Unless you have a special reason, you should use the StructureParser factory, which returns a proper AbstractStructureParser implementation, depending on the input PDB file. If the input file looks like a regular PDB file, the factory returns a RegularStructureParser, otherwise it instantiates LegacyStructureParser. StructureParser is in fact an alias for AbstractStructureParser.create_parser.
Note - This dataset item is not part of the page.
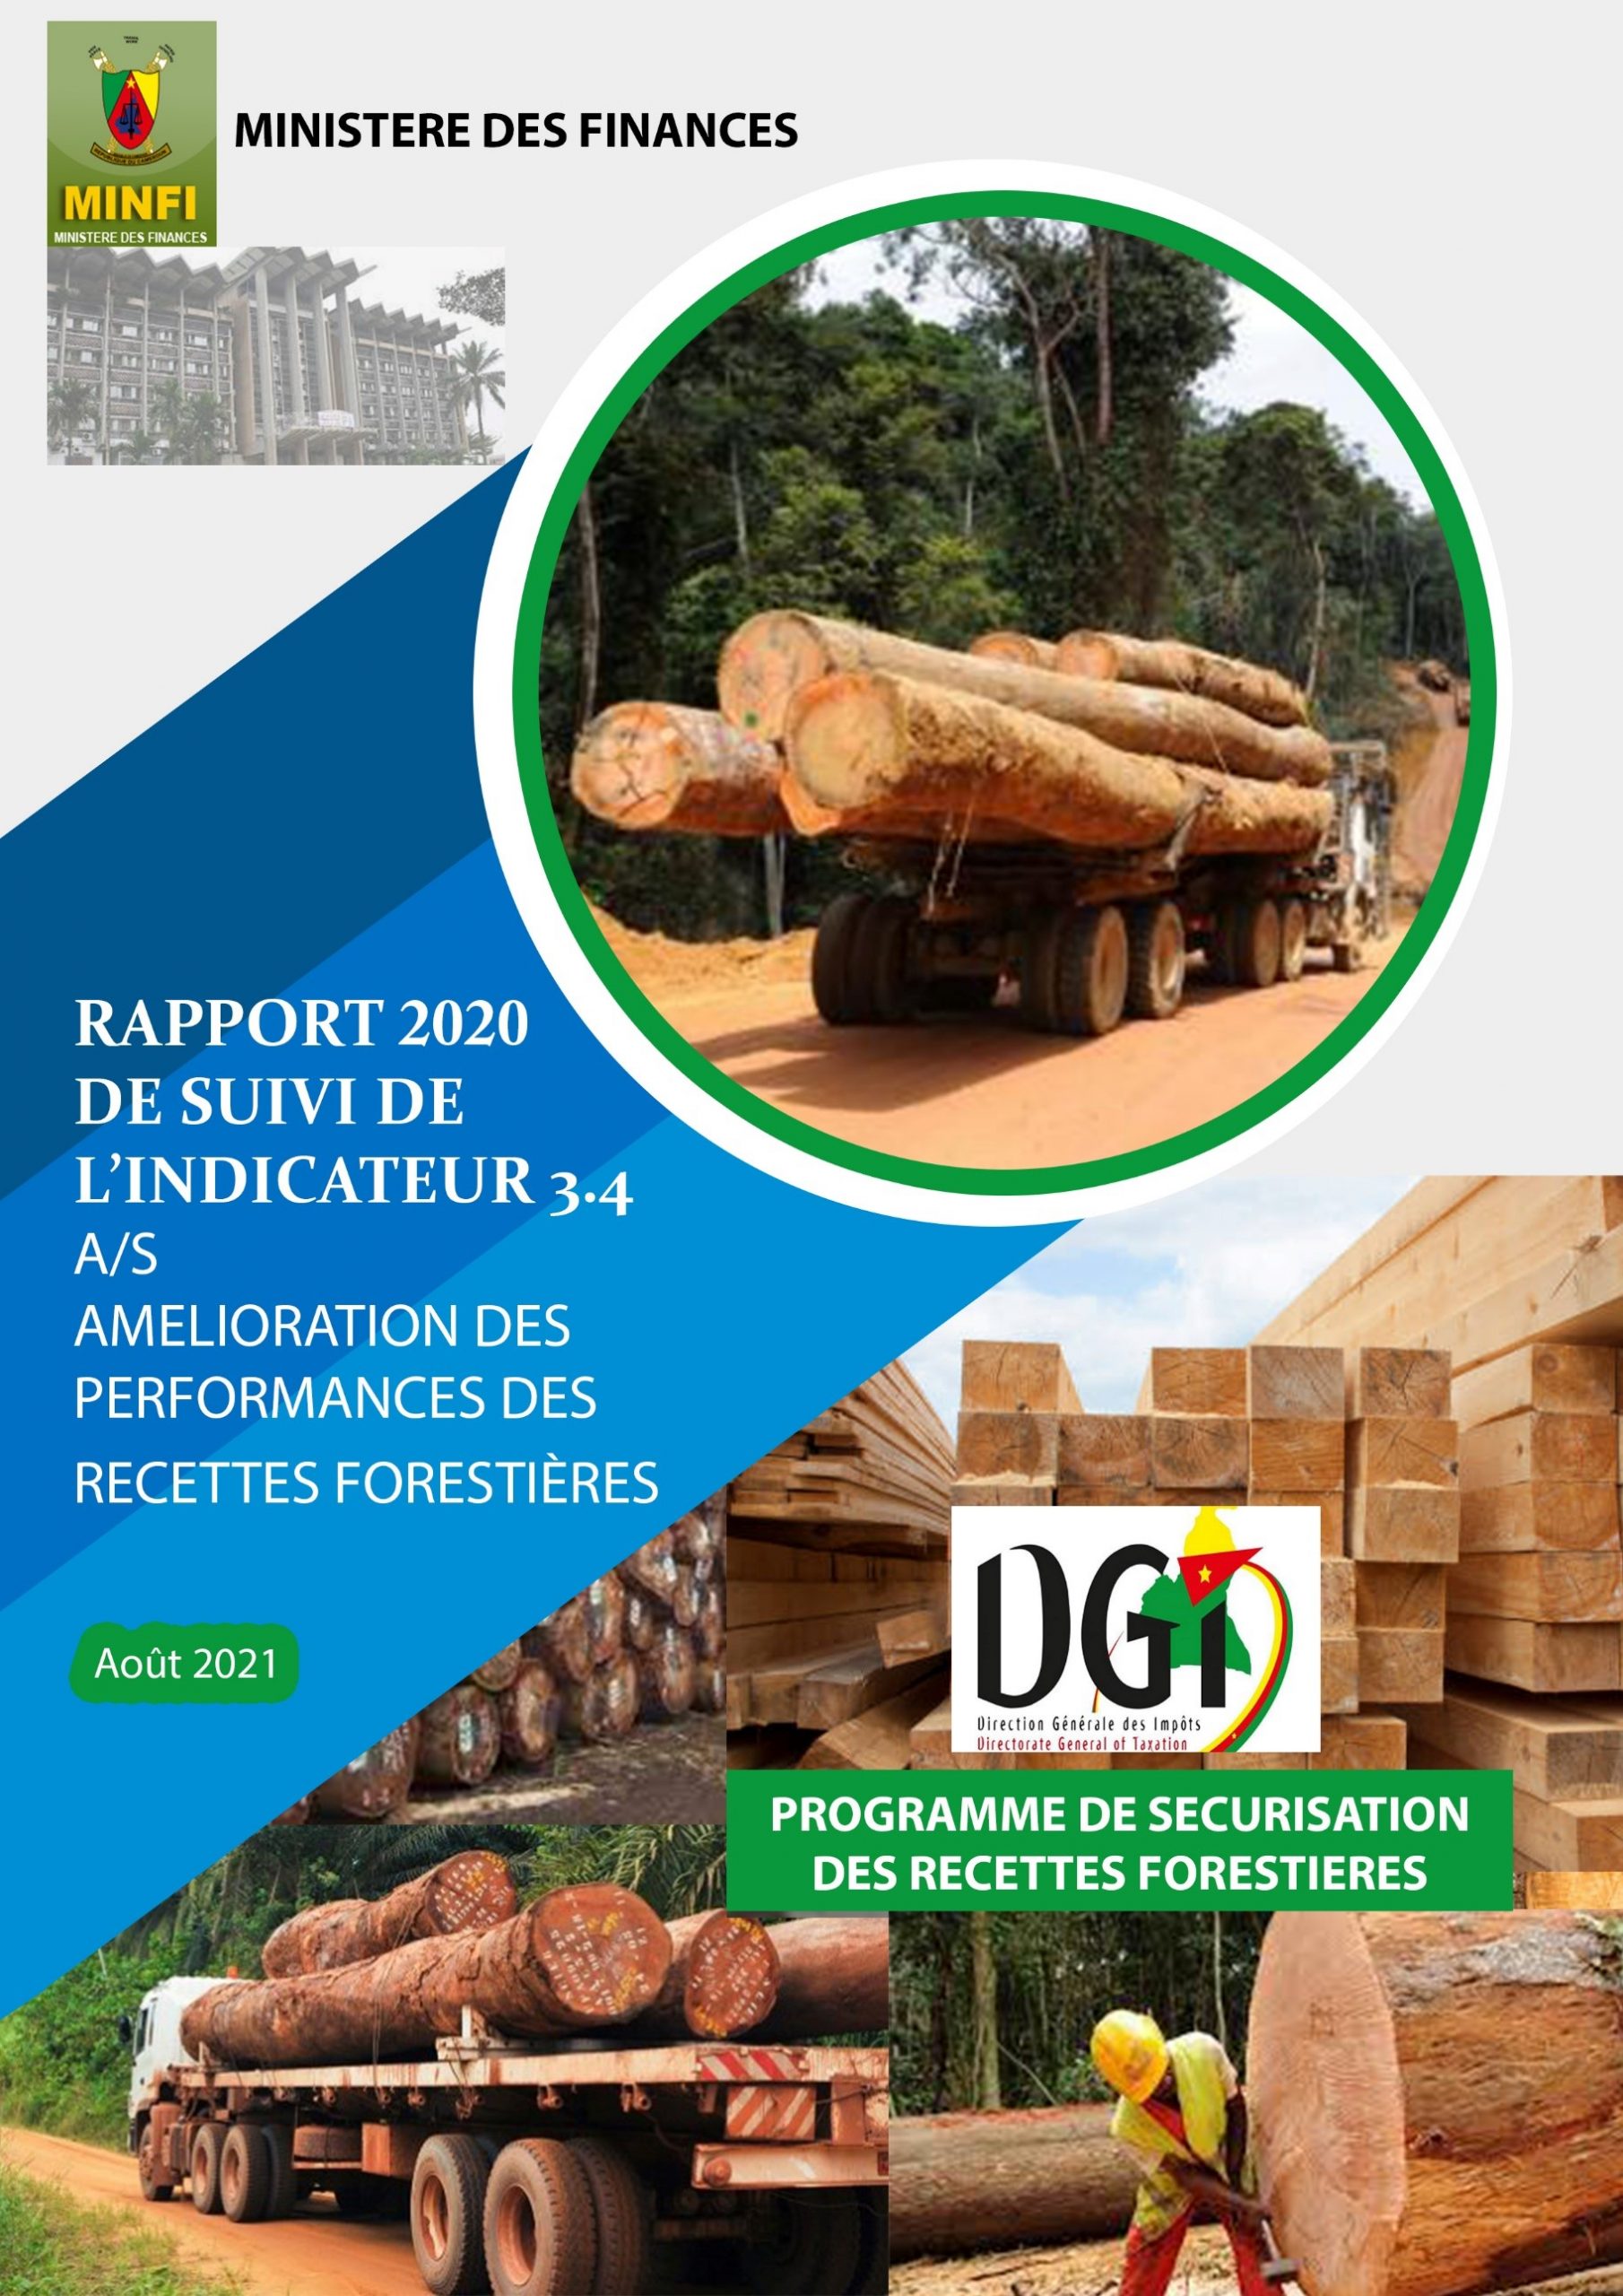 RAPPORT 2020 DE SUIVI DE L'INDICATEUR 3.4 A/S AMELIORATION DES RECETTES FORESTIERES AOUT 2021

Writing your own, customized PDB parser is easy. Suppose that you are trying to parse a PDB-like file which misuses the charge column to store custom info. This will certainly crash AbstractStructureParser (for good), but you can create your own parser as a workaround. All you need to do is override the virtual _read_charge_field hook method:

class CustomParser(RegularStructureParser):

    def _read_charge(self, line):
        try:
            return super(CustomParser, self)._read_charge(line)
        except StructureFormatError:
            return None

Another important abstraction in this module is StructureProvider. It has several implementations which can be used to retrieve PDB Structures from various sources: file system directories, remote URLs, etc. You can easily create your own provider as well. See StructureProvider for details.

Finally, this module gives you some FileBuilder-s, used for text serialization of Structure-s and Ensemble-s:

>>> builder = PDBFileBuilder(stream)
>>> builder.add_header(structure)
>>> builder.add_structure(structure)

where stream is any Python stream, e.g. an open file or sys.stdout.